Stack Exchange Dataset of Mathematical Formulas

Processing stack exchange data dumps to a dataset of mathematical formulas

Requirements

Python 3.7

Python Packages

Install python packages by running: pip install -r requirements.txt

Other tools

Dataset

Creating the Dataset

cd main
execute: python main.py --input ../input/ --dumps test_dumps --download yes --extract yes --output ../output/database.db
execute (only after main.py has been executed): python context.py --input ../input/ --dumps test_dumps --download yes --database ../output/database.db --context 10 --topn 3 --tablename FormulaContext
execute (only after main.py has been executed): python statistics.py --dumps test_dumps --database ../output/database.db --output ../output/

Using the Dataset

The data from the database can be accessed via SQL commands, e.g.:

sqlite3
.open output/database.db
SELECT * FROM FormulasPosts WHERE FormulaId="5783548";
SELECT Site, Tag FROM Tags WHERE Count>"1500";
SELECT AnswerText.Site, AnswerText.AnswerId, AnswerText.Body 
   FROM AnswerText INNER JOIN AnswerMeta ON AnswerText.Site=AnswerMeta.Site 
   AND AnswerText.AnswerId=AnswerMeta.AnswerId AND AnswerMeta.Score="100";
SELECT max(Score) FROM QuestionMeta;

`main.py`

Parameters of `main.py`

input: Input directory of stackexchange dump *.7z files.
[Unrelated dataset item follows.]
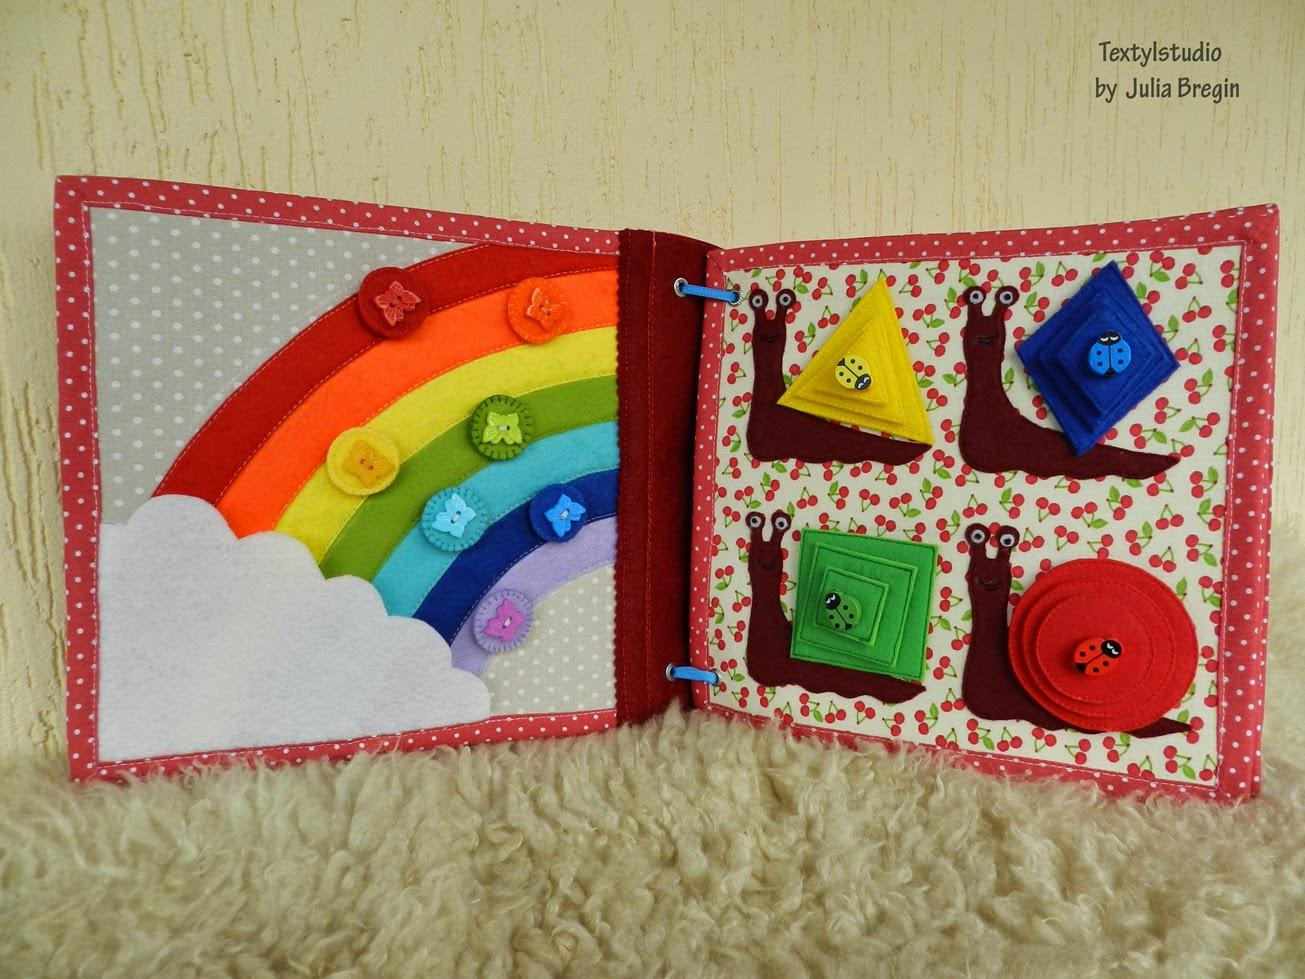 Quiet book, розвиваюча книжка, розвивальна книжка, текстильна книжка, тиха книга, развивающая книга, книжка ручной работы, развитие моторики

Where they are or where there should be downloaded to.
- default= "../input/"
dumps: A text file containing a list of stackexchange dump sites names to be processed.
- format: file containing a list of dump sites. Viable options can be found in the file /main/mathjax_dumps.
- default="test_dumps" in main directory
download: Whether or not the program should download the dumps.
- options: yes or no
- default="yes"
extract: Whether or not to extract the *.7z dump files.
- options: yes or no
- default="yes"
output: database output
- default='../output/database.db'
all: Force to process all dumps, even if they have previously been processed and already exist in the database.
- options: yes or no
- default="no"

Outputs of `main.py`

The Dataset will be saved in a database (*.db) as specified by the input parameter 'output'.
Analysis/Statistics will be saved in file statistics.log in same directory as the database.

`context.py`

main.py must previously been run for the dumps before running context.py

Parameters of `context.py`

input: Input directory of stackexchange dump files and directories
- default= "../input/"
dumps: A text file containing a list of stackexchange dump sites names to be processed.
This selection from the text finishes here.